Character tokenization also adds an additional step of understanding the relationship between the characters and the meaning of the words. Sure, character tokenization can make additional inferences, like the fact that there are 5 “a” tokens in the above sentence. However, this tokenization method moves an additional step away from the purpose of NLP, interpreting meaning.
Sub Word Tokenization
Sub word tokenization is similar to word tokenization, but it breaks individual words down a little bit further using specific linguistic rules. One of the main tools they utilize is breaking off affixes. Because prefixes, suffixes, and infixes change the inherent meaning of words, they can also help programs understand a word’s function. This can be especially valuable for out of vocabulary words, as identifying an affix can give a program additional insight into how unknown words function.

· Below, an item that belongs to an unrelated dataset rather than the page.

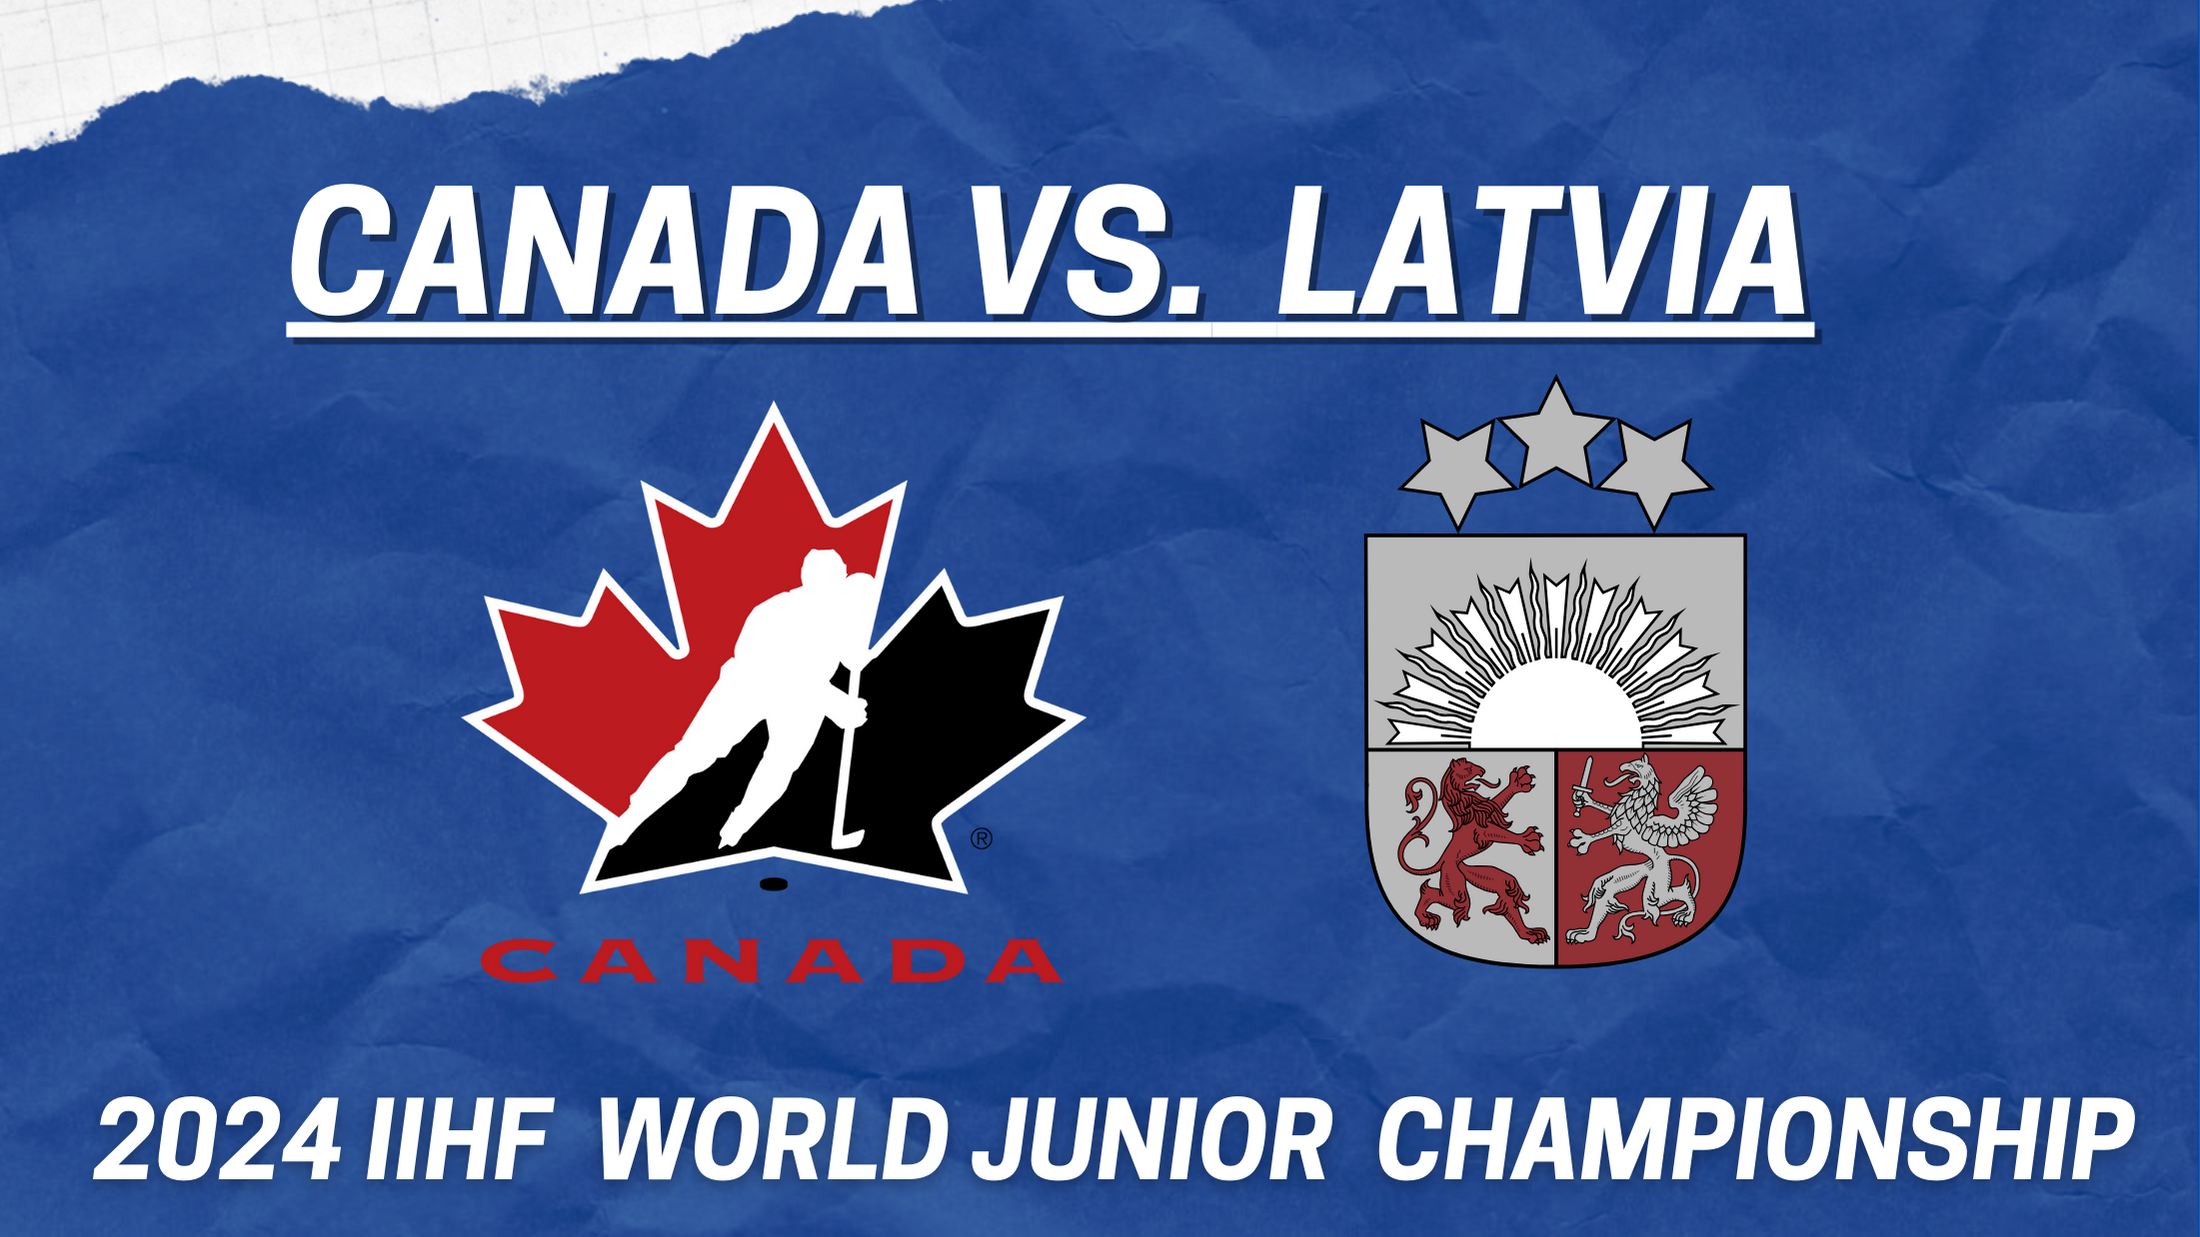 Top standouts from Canada vs. Latvia at 2024 World Junior Championship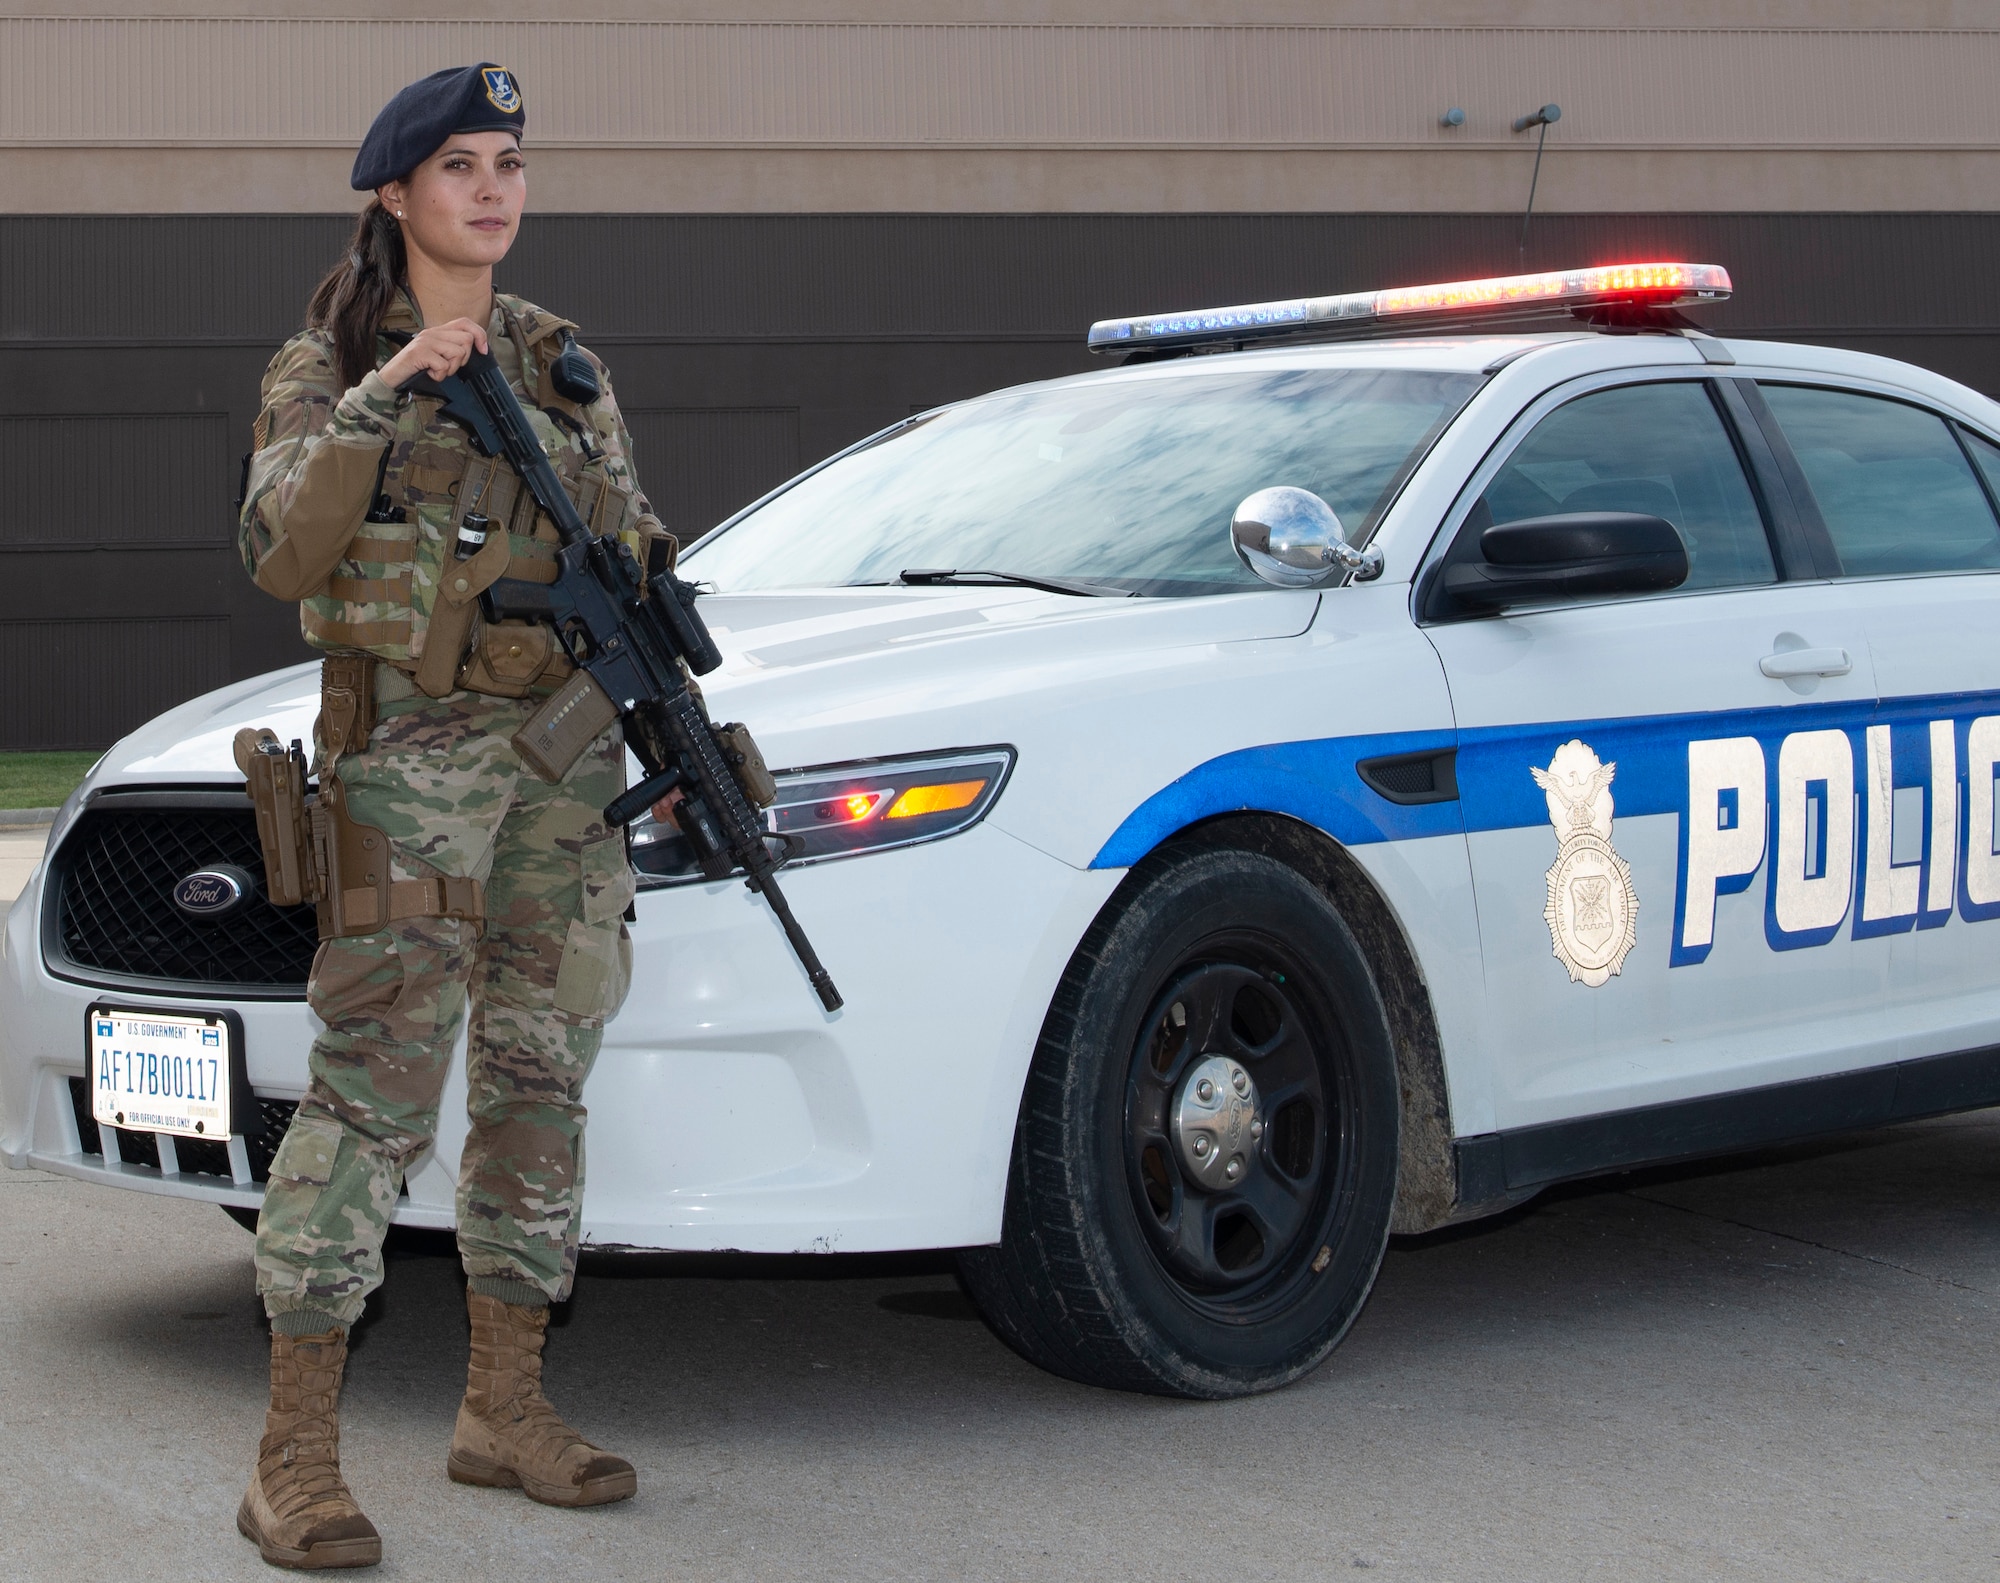 Female Airman in uniform standing guard while holding her weapon, in front of a security forces police car with it's lights flashing. Airman wearing new body armor specifically designed for women

The sub word model will search for these sub words and break down words that include them into distinct parts. For example, the query “What is the tallest building?” would be broken down into ‘what’ ‘is’ ‘the’ ‘tall’ ‘est’ ‘build’ ‘ing’
How does this method help the issue of OOV words? Let’s look at an example:
Perhaps a machine receives a more complicated word, like ‘machinating’ (the present tense of verb ‘machinate’ which means to scheme or engage in plots). It’s unlikely that machinating is a word included in many basic vocabularies.
If the NLP model was using word tokenization, this word would just be converted into just an unknown token. However, if the NLP model was using sub word tokenization, it would be able to separate the word into an ‘unknown’ token and an ‘ing’ token. From there it can make valuable inferences about how the word functions in the sentence.
But what information can a machine gather from a single suffix? The common ‘ing’ suffix, for example, functions in a few easily defined ways. It can form a verb into a noun, like the verb ‘build’ turned into the noun ‘building’. It can also form a verb into its present participle, like the verb ‘run’ becoming ‘running.’
If an NLP model is given this information about the ‘ing’ suffix, it can make several valuable inferences about any word that uses the sub word ‘ing.’ If ‘ing’ is being used in a word, it knows that it is either functioning as a verb turned into a noun, or as a present verb. This dramatically narrows down how the unknown word, ‘machinating,’ may be used in a sentence.
There are multiple ways that text or speech can be tokenized, although each method’s success relies heavily on the strength of the programming integrated in other parts of the NLP process. Tokenization serves as the first step, taking a complicated data input and transforming it into useful building blocks for the natural language processing program to work with.
As natural language processing continues to evolve using deep learning models, humans and machines are able to communicate more efficiently. This is just one of many ways that tokenization is providing a foundation for revolutionary technological leaps.